I remind Labour Members that the Government are going to produce a comprehensive strategy on tackling domestic violence shortly. I look forward to seeing it and I hope that it will draw together the various threads that we have heard about in today's debate. That needs to happen because one part of government does not speak to another, just as parts of local government and the local police force do not speak to one another, as all of us will have found locally time and again.
One example will suffice in that regard. It concerns the most horrendous attack on a constituent whose husband had been released from prison on licence. Even though there was a multi-agency public protection arrangement—MAPPA—protocol set up around this gentleman, the attack was revealed only because of a revelation made by the six-year-old child of my constituent in their primary school. The school had never been involved in the MAPPA discussions about this offender, even though, had it been, the abuse would have been identified some weeks beforehand. I hope in highlighting this to say that the impression that we can solve the problem of domestic violence via legal aid and the courts —I know that this was not all Members, but the impression was given—is fundamentally misconceived.

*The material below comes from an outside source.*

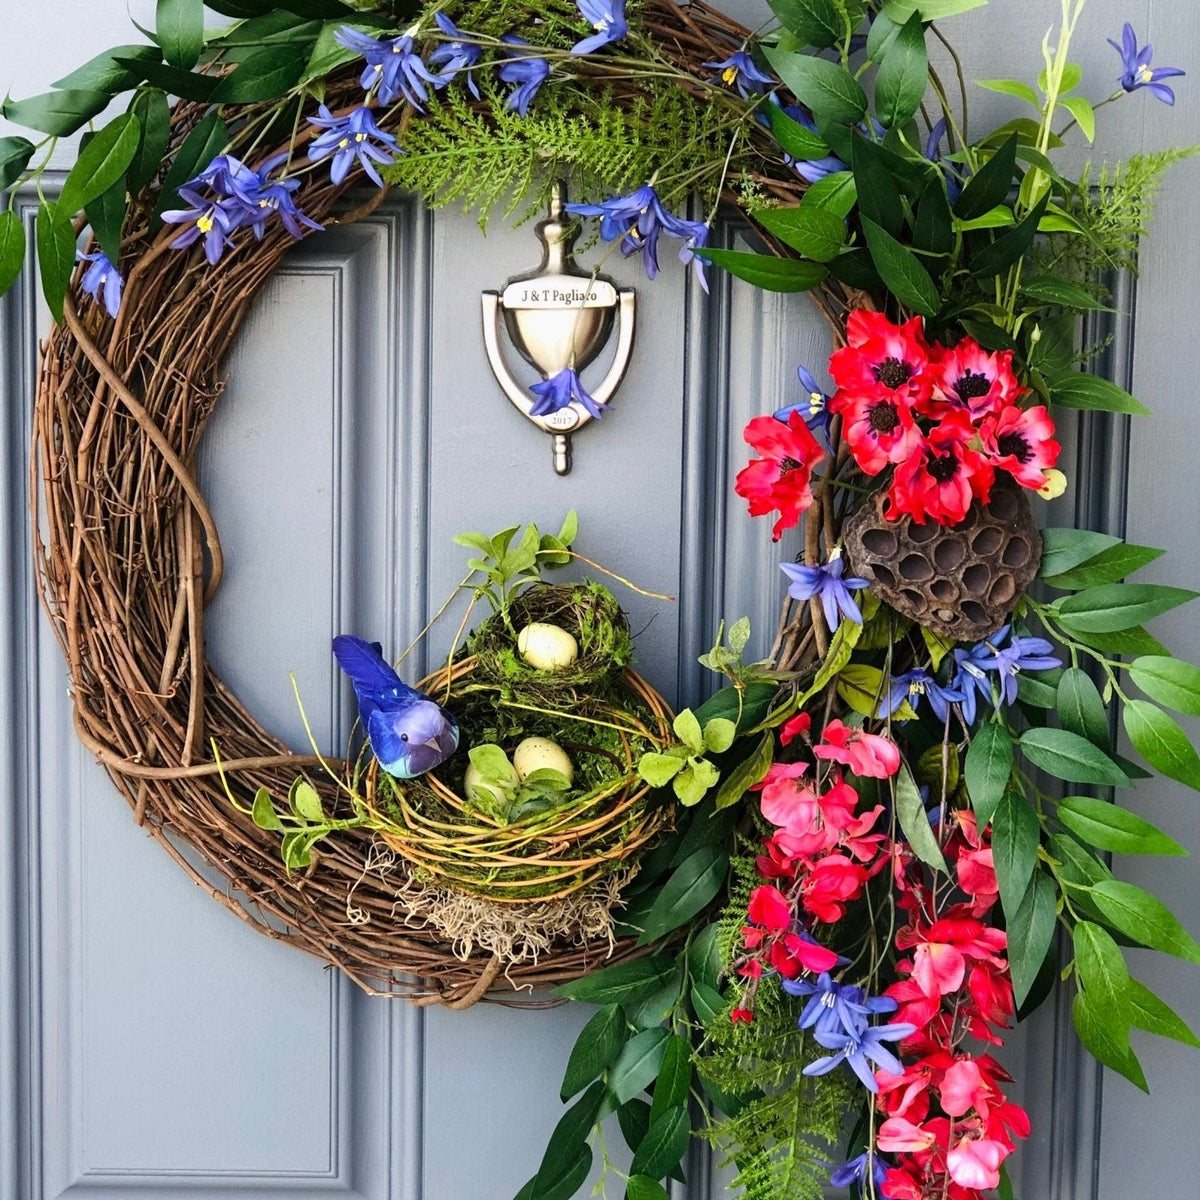 Bird Lover's Wreath, Deep Red and Brilliant Blues with two Nests and Lush Greenery. 20 inch diameter.

We will deal with this problem—this will be a very long haul—only if we take a cross-governmental approach, and not one led by what happens when things get to court, let alone when they get half way through. The hon. Member for Bishop Auckland (Helen Goodman) correctly said that women who report to the police have typically had 20 incidents of assault prior to that moment. We need to deal with things before then. The suggestion that we must be able to solve all this in the definition of the domestic violence protocols within this legislation—
Legal Aid, Sentencing and Punishment of Offenders Bill
Proceeding contribution from
Ben Gummer
(Conservative)
in the House of Commons on Monday, 31 October 2011.
It occurred during Debate on bills on Legal Aid, Sentencing and Punishment of Offenders Bill.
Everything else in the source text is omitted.